__Work required__
The answer should hold only the lines from the one containing "コーポレートテクスチャ―6の未再生の波形" through the one containing "fabriquer une vitrine" in the entries below, copied exactly, without pictures.

__Material provided__
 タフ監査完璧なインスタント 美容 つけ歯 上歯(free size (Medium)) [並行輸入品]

---

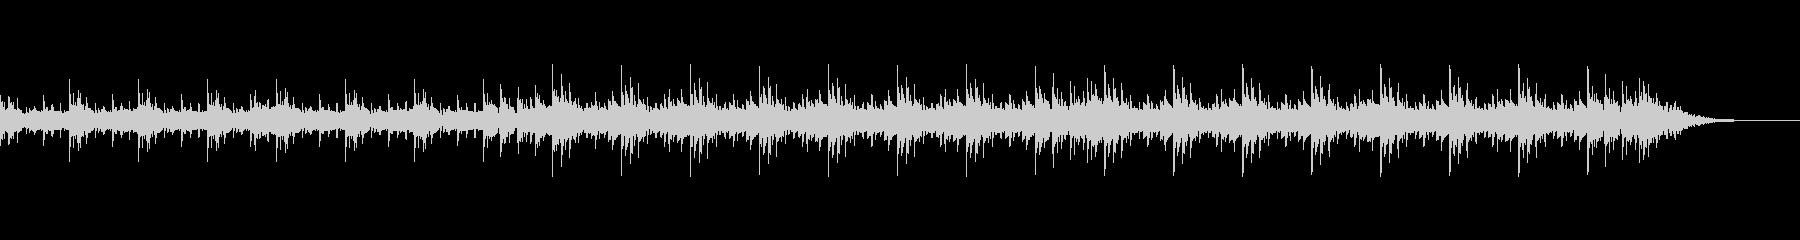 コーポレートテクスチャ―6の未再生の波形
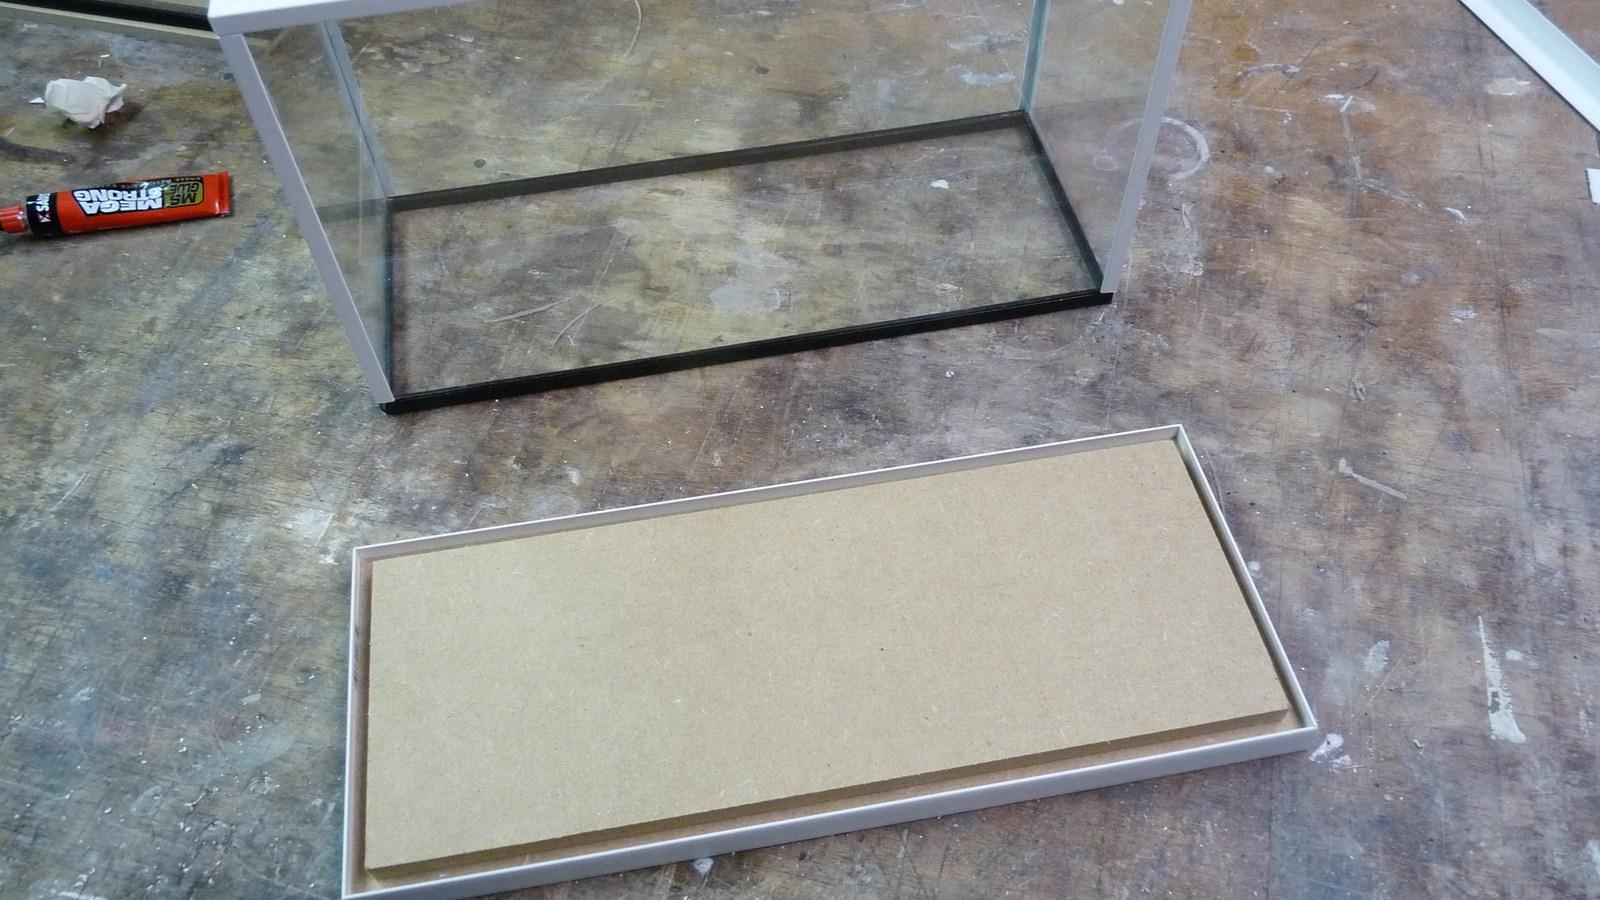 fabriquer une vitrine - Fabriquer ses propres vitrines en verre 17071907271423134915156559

__Solution to this task__
 コーポレートテクスチャ―6の未再生の波形
 fabriquer une vitrine - Fabriquer ses propres vitrines en verre 17071907271423134915156559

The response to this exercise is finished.